Orthodox--Tanakh is inerrant and authoritative.

Reform--imperfect human product, but special.

Rabbinic authority:

Orthodox--God gave Moses a written and oral law

Reform--respect their teachings but you aren’t bound to them.

Humor

When speaking of God, Orthodox Jews say “adonoy” (referring to the Eastern European pronunciation). Conservative Jews say “adonai” (referring to the Middle Eastern pronunciation). Liberal Jews say “I-don’t-know.”

*What is Hasidic Judaism?*

Originated in the 1700s with Eliezer ben Israel, known as Baal Shem Tov. He emphasized joy and laughter and that one good deed was worth more than the 613. Initially opposed by the Formalists, his teachings ended up becoming widespread, if not mainstream.

Unique to the Hasidim was the position of “rebbe,” Grand Rabbi of a community. This position had almost mystical importance and was passed down from father to son.

Lubavitch. They are known as the Chabad, an acronym for






*(3) What is the Oral Law?*

The oral law explains the written law?
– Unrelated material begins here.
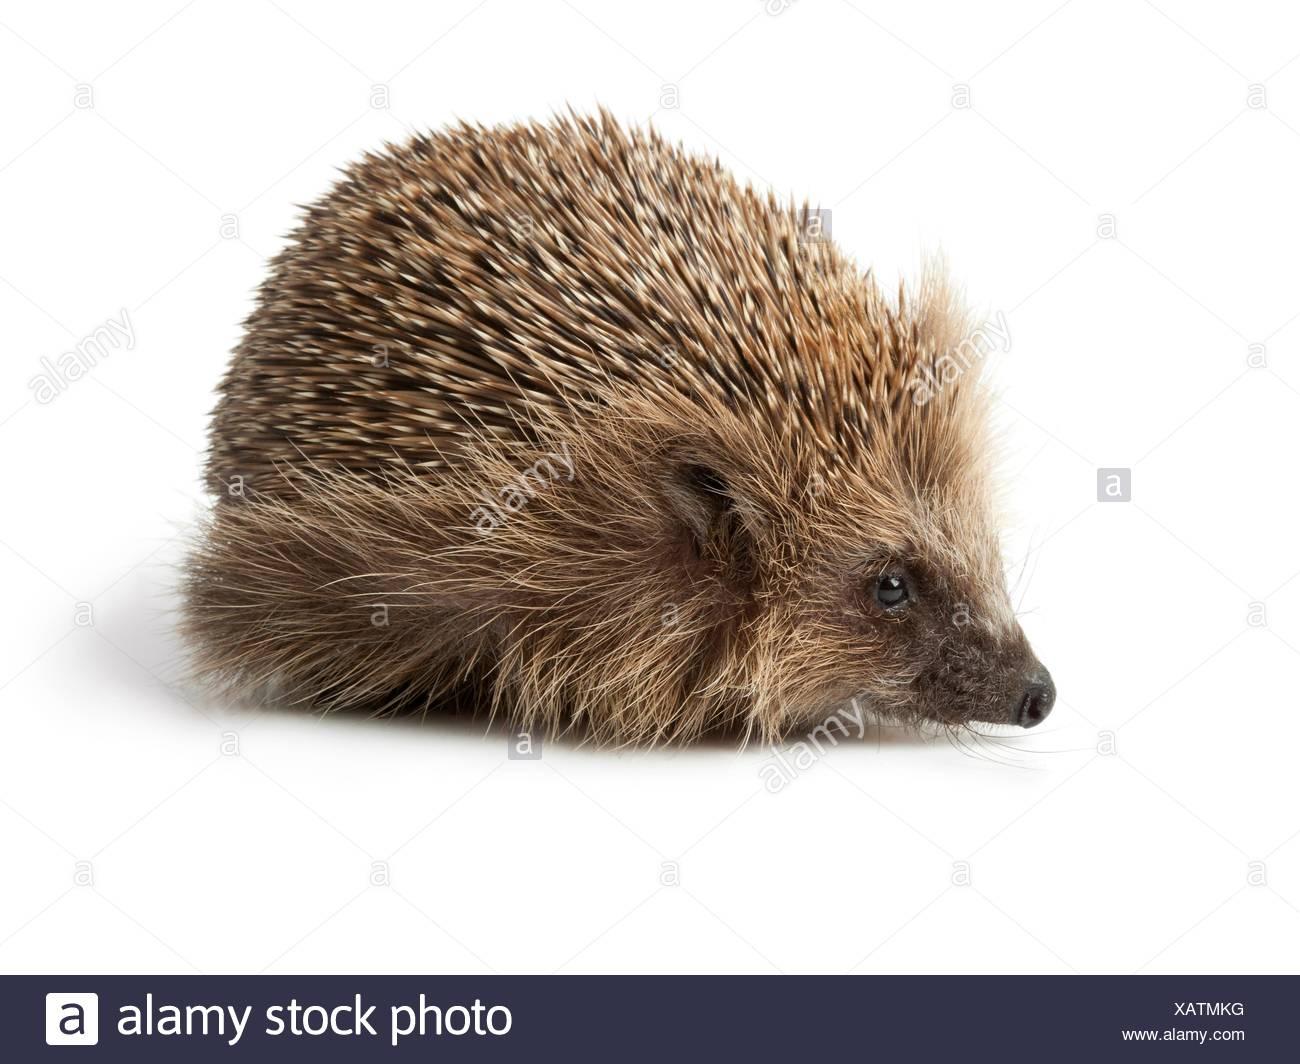 Single hedgehog on white background. - Stock Image

Where is the evidence for it? It’s oral, so you can’t find evidence of an unwritten law in a written text (sound familiar?). On one hand there is no problem with saying there are long-standing traditions. Brown, however, points out the irony: it is in their written form that the oral traditions have been preserved.

*(4) What is the Tanakh?*

It is the Torah, the Prophets, and the Writings. 
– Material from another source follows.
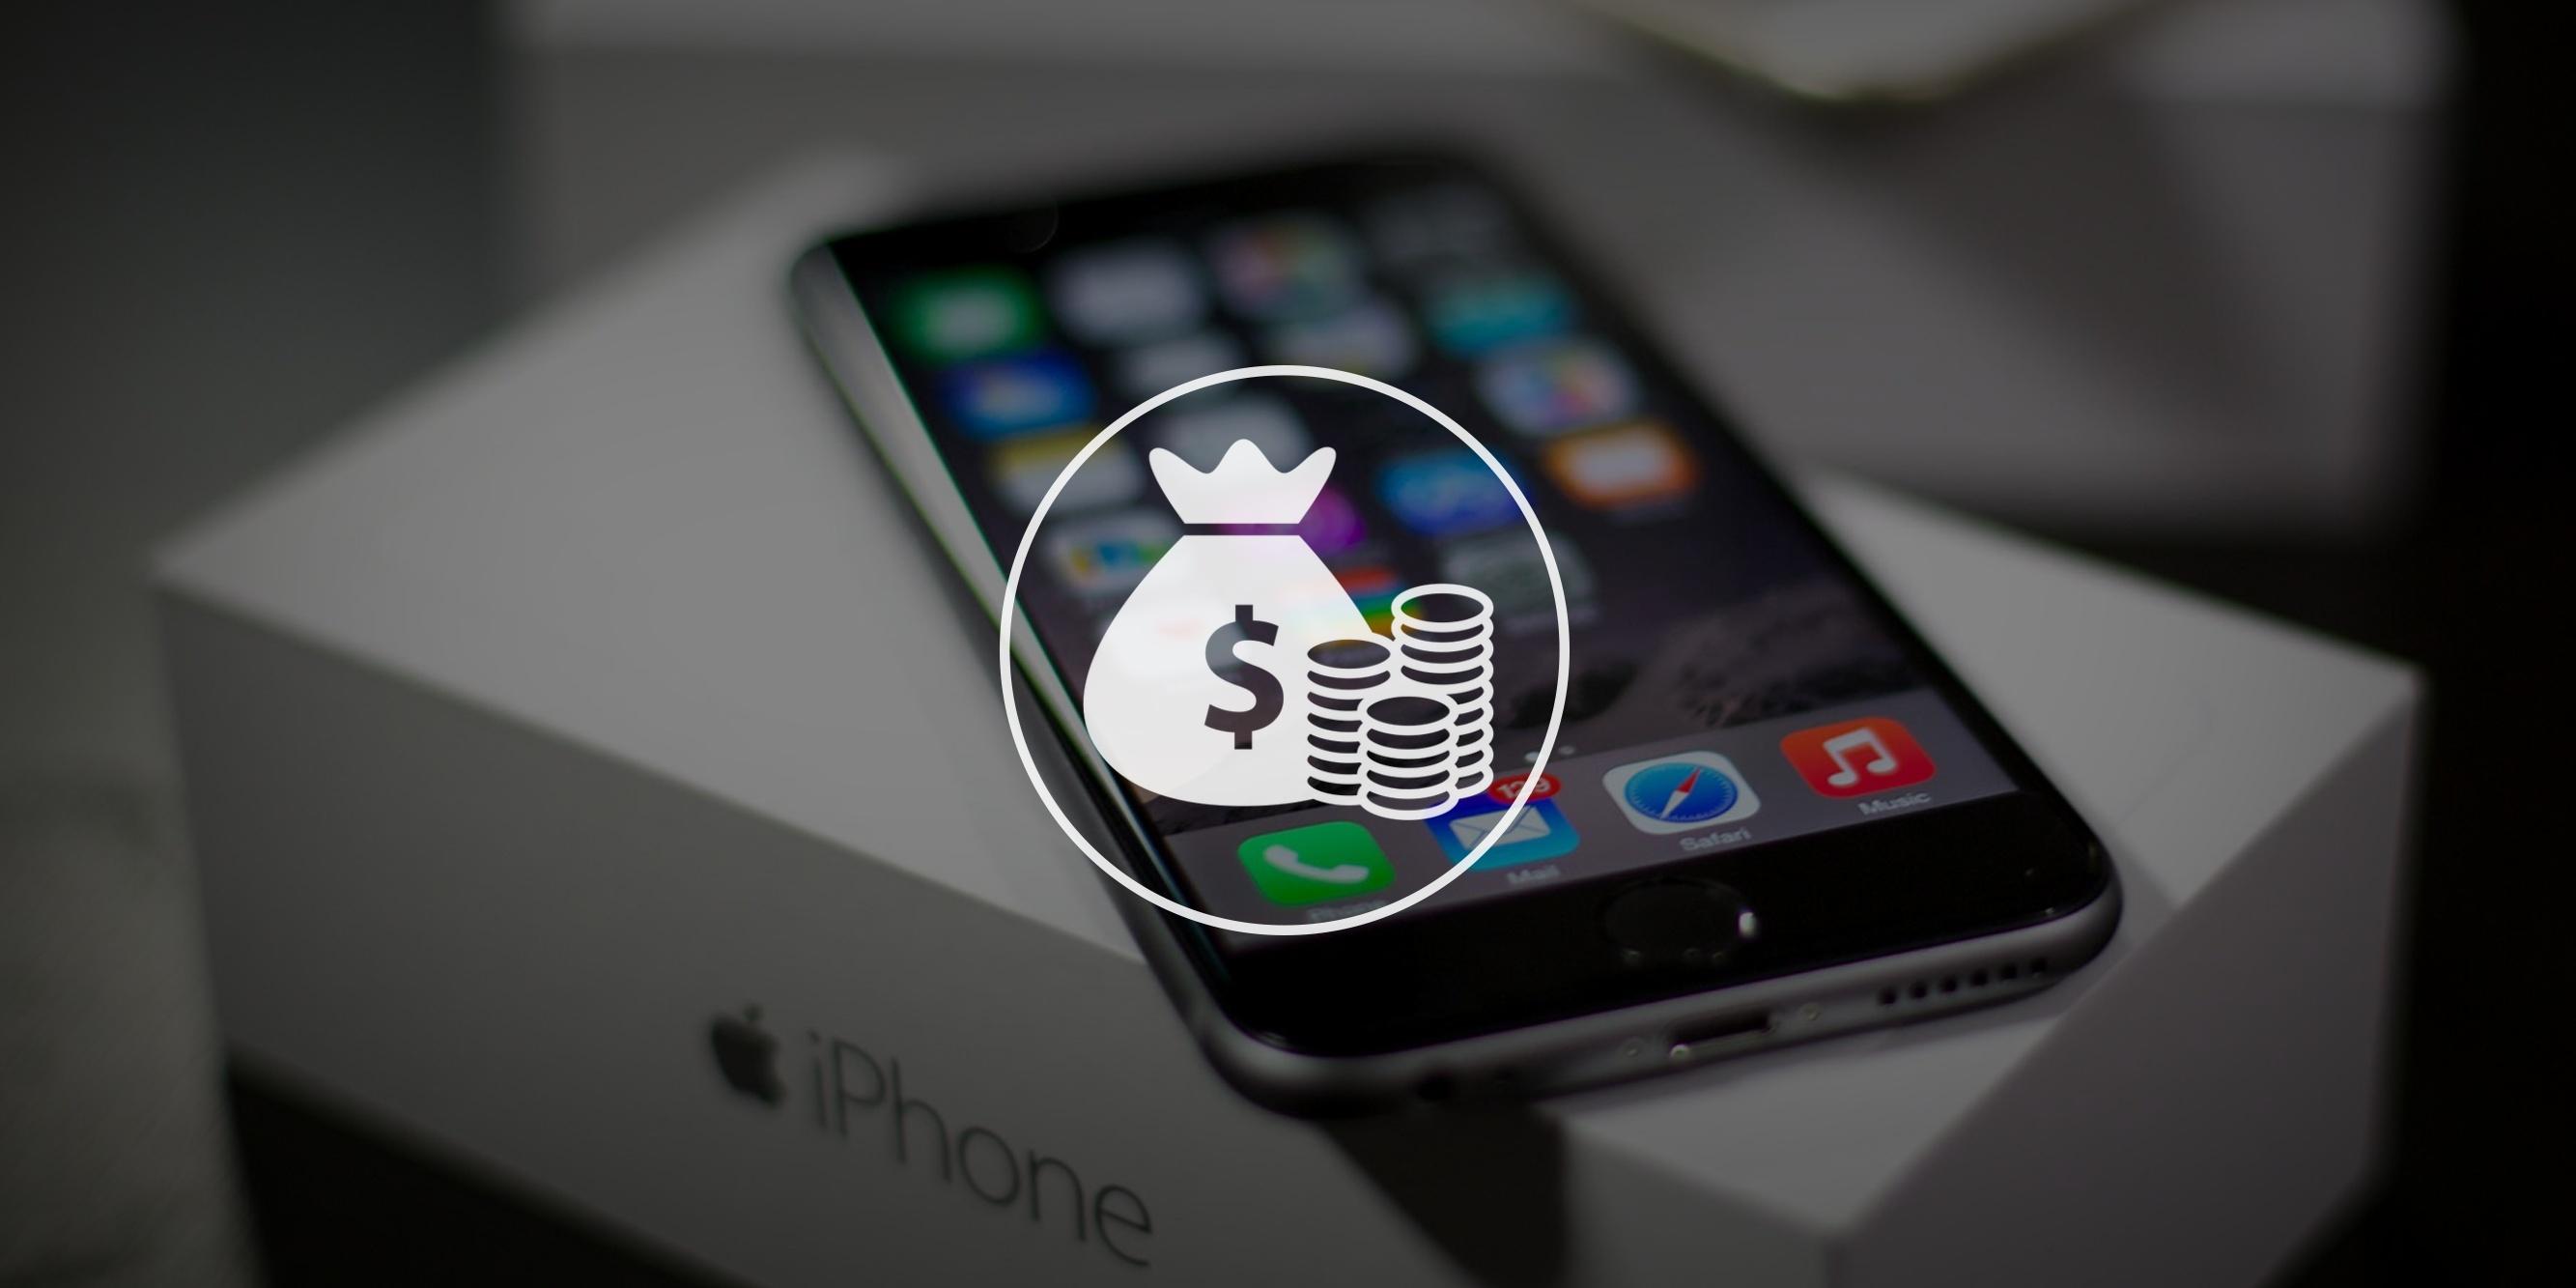 Как выгодно продать ваш старый iPhone, чтобы купить новый iPhone 6s

*(5) What is exactly meant by the term ‘Torah’?*

On one hand, Torah is broader than “law,” yet the Talmud has legal discussions which are considered Torah, yet they insist that Torah isn’t law.
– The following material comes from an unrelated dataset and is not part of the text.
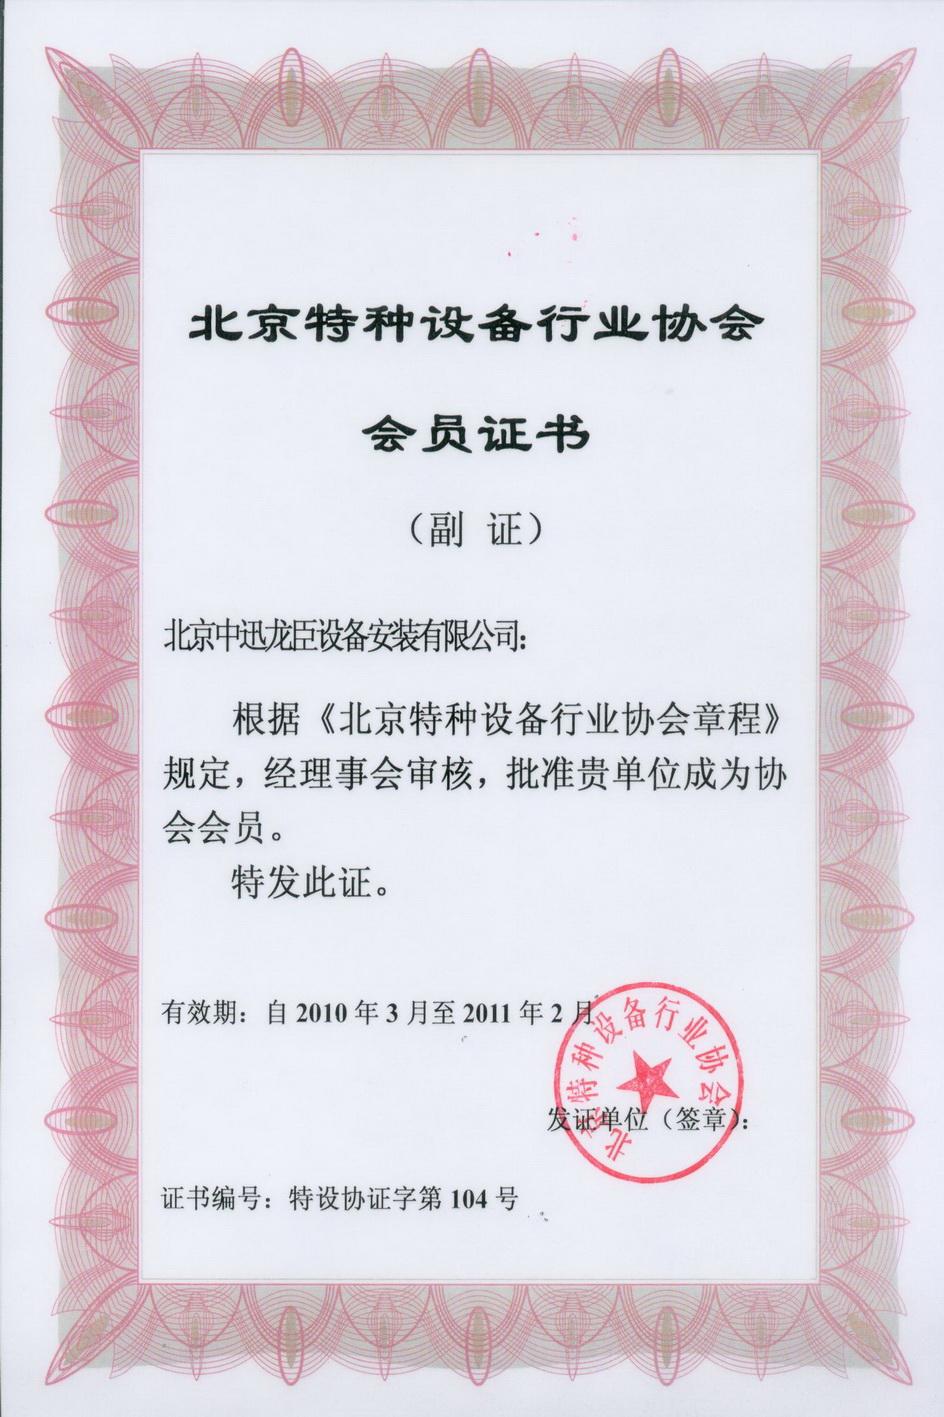 2010年特种设备行业协会会员证书

*(6) What is the Masoretic Text?*

It’s actually a textual tradition, since there are thousands of medieval manuscripts.

*(7) What are the holy books of Judaism?*

Babylonian Talmud. Commentary on the Mishnah. Covers every aspect of Jewish life.

Haggada. Non-binding rabbinic stories and commentaries. 

Halakhah. A specific legal ruling.

Kabbalah. Jewish mystical writings.

Midrash. Rabbinic commentaries.

Mishnah. The oral law.

Targum. Aramaic translations of the Hebrew bible.

*(10) Do Jewish People Expect a Literal Messiah?*

Yes, but he will be fully human.

*(11) Do Jews refer to God by the Name Jehovah?*

No. Jehovah is based on a mistaken rendering by those who were educated in Hebrew, but didn’t know the scribal practices. They didn’t know the scribes put the vowels for adonai in the word yhwh.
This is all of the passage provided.